A Novel Rheumatic Mitral Valve Disease Model with Ex Vivo Hemodynamic and Biomechanical Validation

Matthew H Park  1   2 Pearly K Pandya  1   2 Yuanjia Zhu  1   3 Danielle M Mullis  1 Hanjay Wang  1 Annabel M Imbrie-Moore  1   2 Robert Wilkerson  1 Mateo Marin-Cuartas  1   4 Y Joseph Woo  5   6
Affiliations

A Novel Rheumatic Mitral Valve Disease Model with Ex Vivo Hemodynamic and Biomechanical Validation

Matthew H Park et al. Cardiovasc Eng Technol. 2023 Feb.

Abstract

Purpose: Rheumatic heart disease is a major cause of mitral valve (MV) dysfunction, particularly in disadvantaged areas and developing countries. There lacks a critical understanding of the disease biomechanics, and as such, the purpose of this study was to generate the first ex vivo porcine model of rheumatic MV disease by simulating the human pathophysiology and hemodynamics.

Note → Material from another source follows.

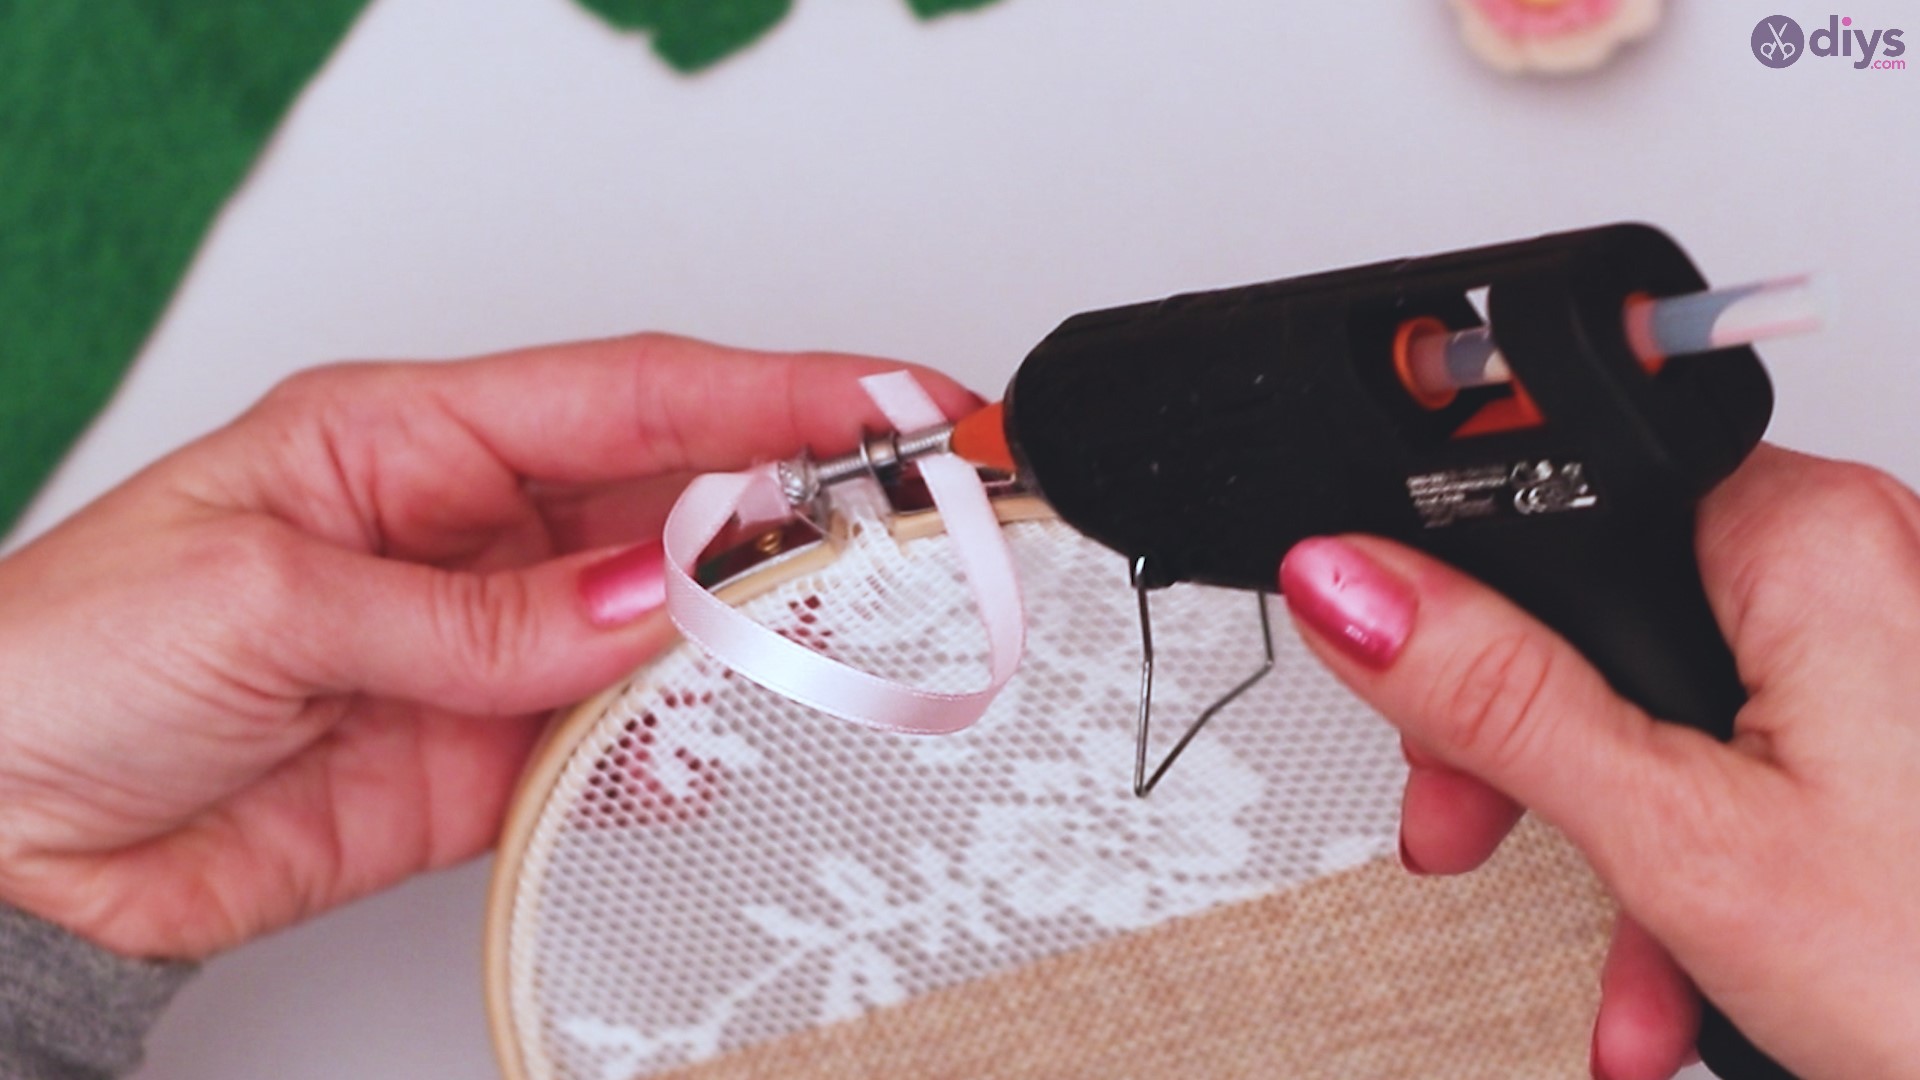 Diy embroidery hoop wall decor tutorial step by step (56)

Methods: Healthy porcine valves were altered with heat treatment, commissural suturing, and cyanoacrylate tissue coating, all of which approximate the pathology of leaflet stiffening and thickening as well as commissural fusion. Hemodynamic data, echocardiography, and high-speed videography were collected in a paired manner for control and model valves (n = 4) in an ex vivo left heart simulator. Valve leaflets were characterized in an Instron tensile testing machine to understand the mechanical changes of the model (n = 18).

Results: The model showed significant differences indicative of rheumatic disease: increased regurgitant fractions (p < 0.001), reduced effective orifice areas (p < 0.001), augmented transmitral mean gradients (p < 0.001), and increased leaflet stiffness (p = 0.025).

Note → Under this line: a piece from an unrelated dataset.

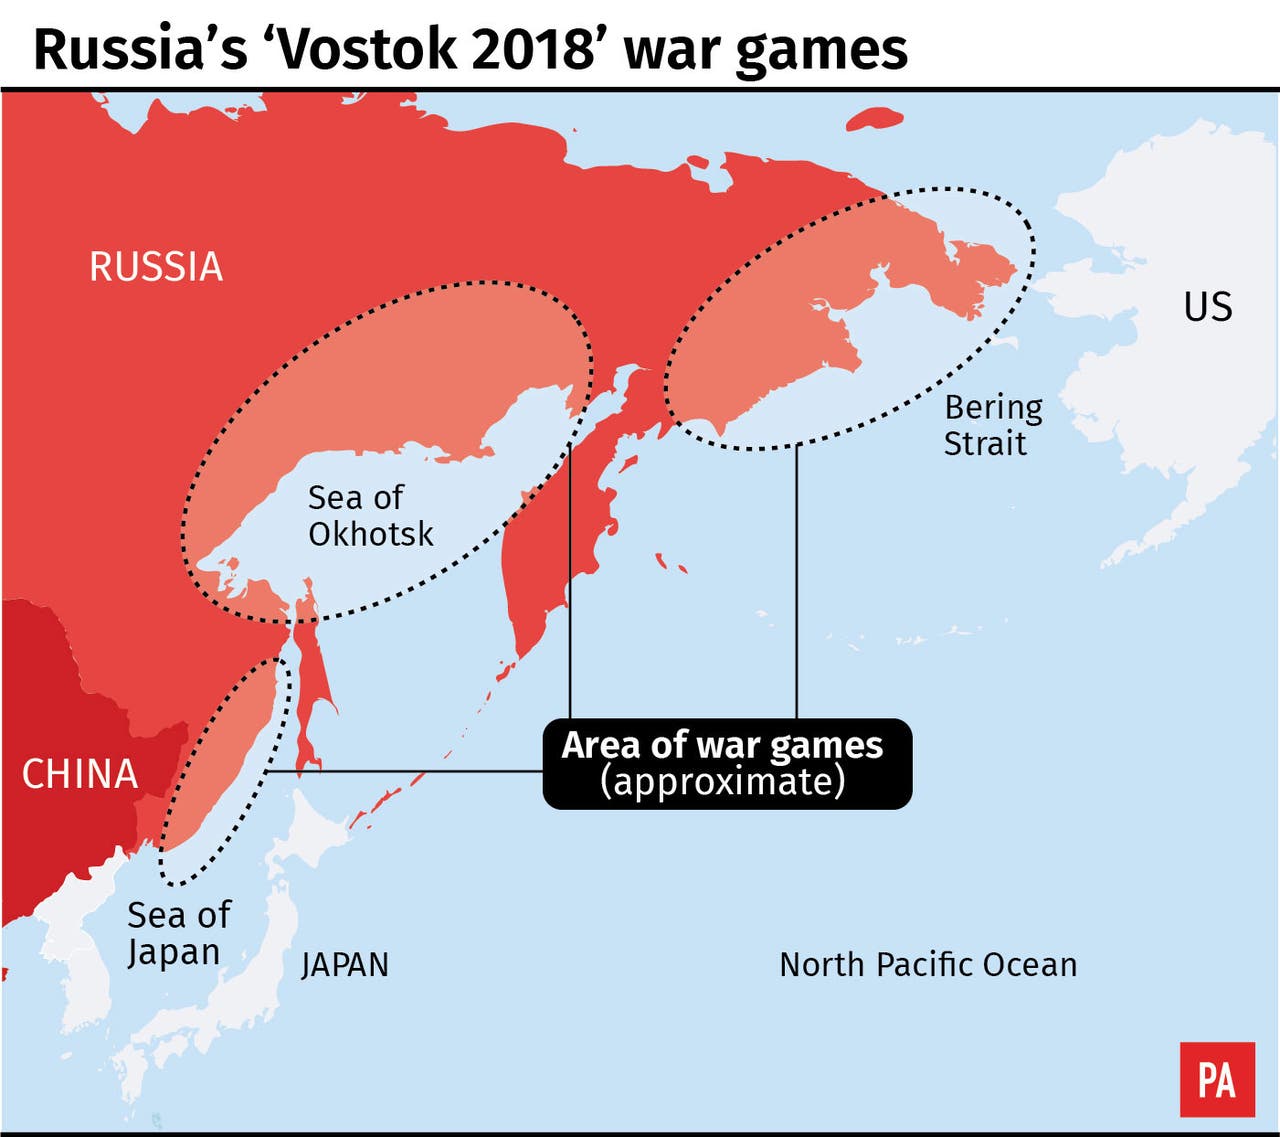 Russia and China to conduct regular war games together, minister says

Conclusion: This work represents the creation of the first ex vivo model of rheumatic MV disease, bearing close similarity to the human pathophysiology and hemodynamics, and it will be used to extensively study both established and new treatment techniques, benefitting the millions of affected victims.

Keywords: Cardiac biomechanics; Ex vivo model; Heart simulation; Mitral valve; Pathophysiology; Rheumatic heart disease.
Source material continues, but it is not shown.